Washington State

Office of the Attorney General

Attorney General

Bob Ferguson

FOR IMMEDIATE RELEASE:

Olympia - The Washington State Supreme Court this morning heard the cases of three death row inmates—Cal Coburn Brown, Darold Stenson and Jonathan Lee Gentry.

In Brown and Gentry v. Vail and Stenson v. Eldon Vail, the court will consider the constitutionality of Washington’s lethal injection protocol, including:
• Whether or not the inmates’ constitutional challenge to Washington’s three-drug lethal injection protocol is moot now that the state Department of Corrections is using just one lethal injection drug;
• Whether the Department has the authority (as delegated by the Legislature) to draft a capital punishment policy; and
• Whether the acquisition of a lethal injection chemical by the Superintendent of the penitentiary violates the federal or state uniform controlled substances acts.

The state argued that because the inmates all claimed the three-drug protocol was unconstitutionally cruel and because they expressed a preference for single-drug version, their claims should be dismissed now that the Department has adopted a one-drug method.

The state further argued that the Department has the authority to craft its own capital punishment policy because, “unlike administrative rules and other formally promulgated agency regulations,” such policies generally do not create law.

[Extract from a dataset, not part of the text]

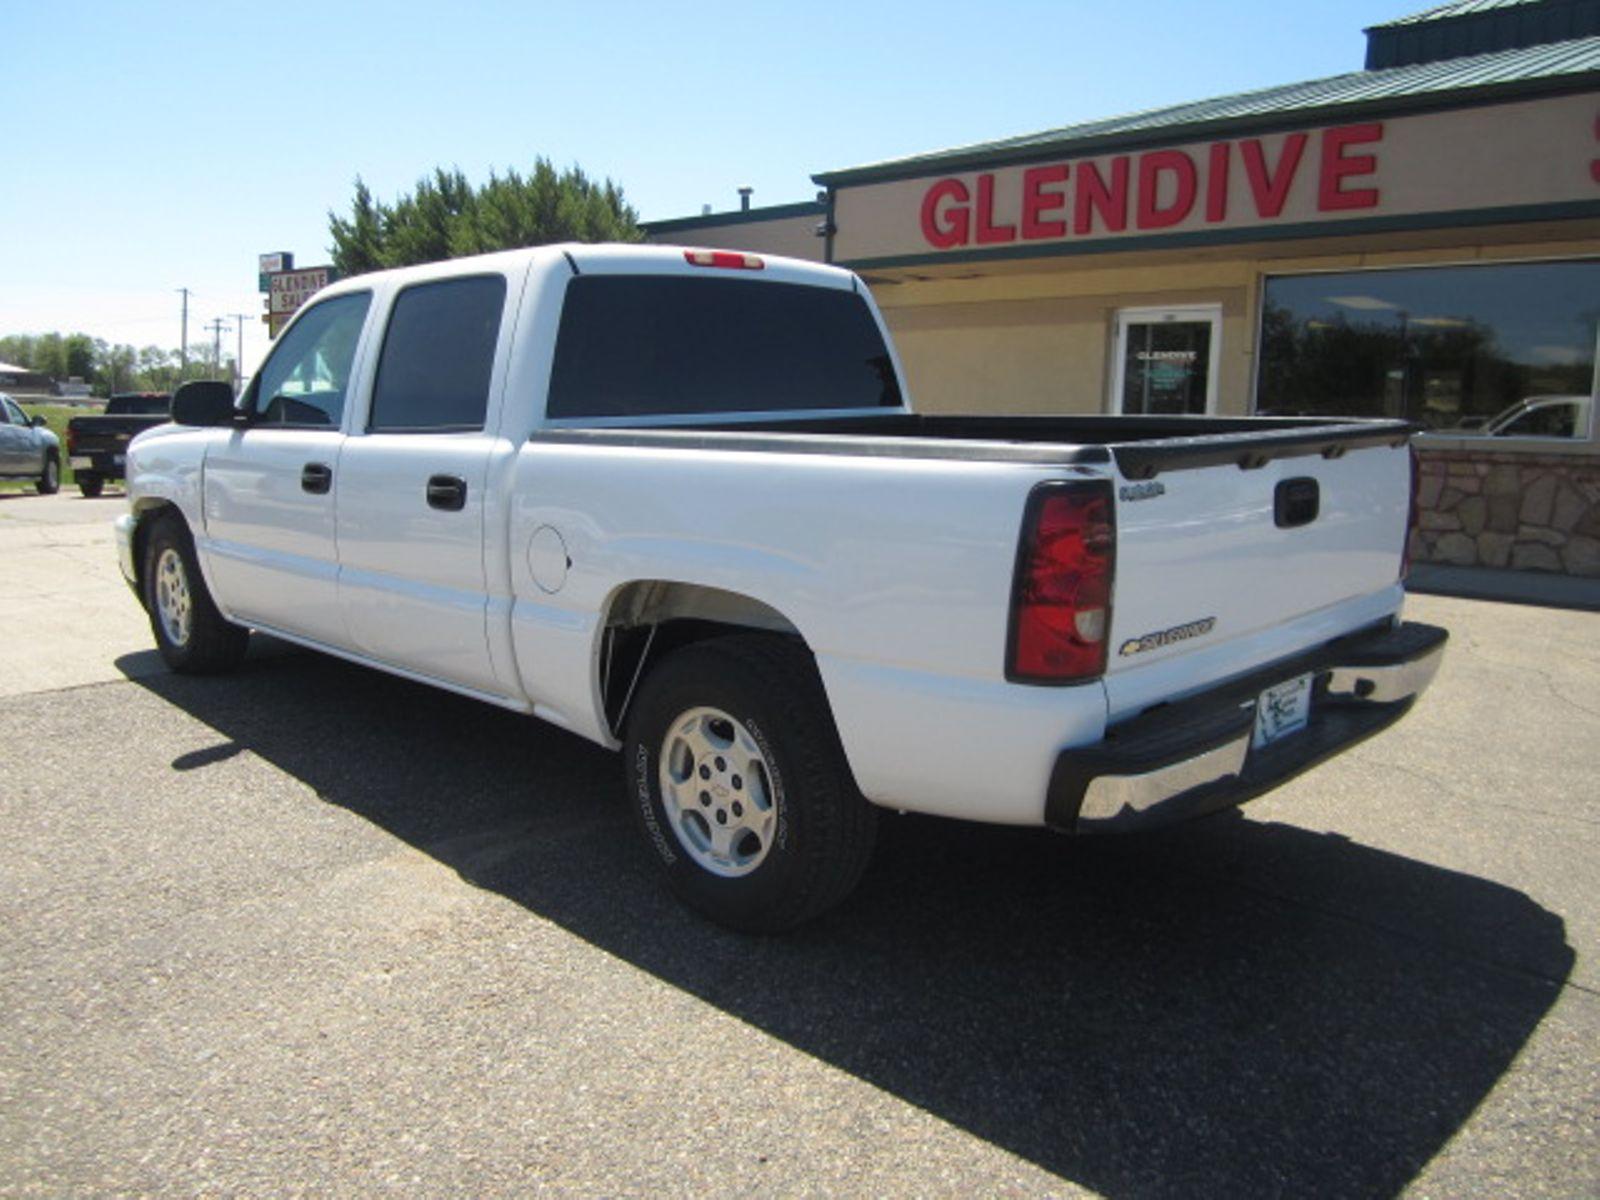 2004 Chevrolet Silverado 1500 LS Glendive MT Glendive Sales Corp

Finally, the state argued that state law authorizes the Department to select and use controlled substances for an execution.

Brown, 51, was convicted of aggravated first degree murder in 1993 for the carjacking, rape and murder of 21-year-old Holly Washa in SeaTac in 1991.

Stenson, 57, was convicted of two counts of aggravated murder for the shooting deaths of his wife, Denise Ann Stenson, and business partner, Frank Hoerner, in Clallam County in 1993.

Gentry, 53, was convicted in 1991 of the aggravated first degree murder of 12-year-old Cassie Holden in Kitsap County in 1988.

"We continue to work to bring justice to the friends and families who lost loved ones at the hands of these convicted killers," McKenna said. “Assistant Attorney General John Samson is an expert in these cases and did a masterful job before the Supreme Court today.”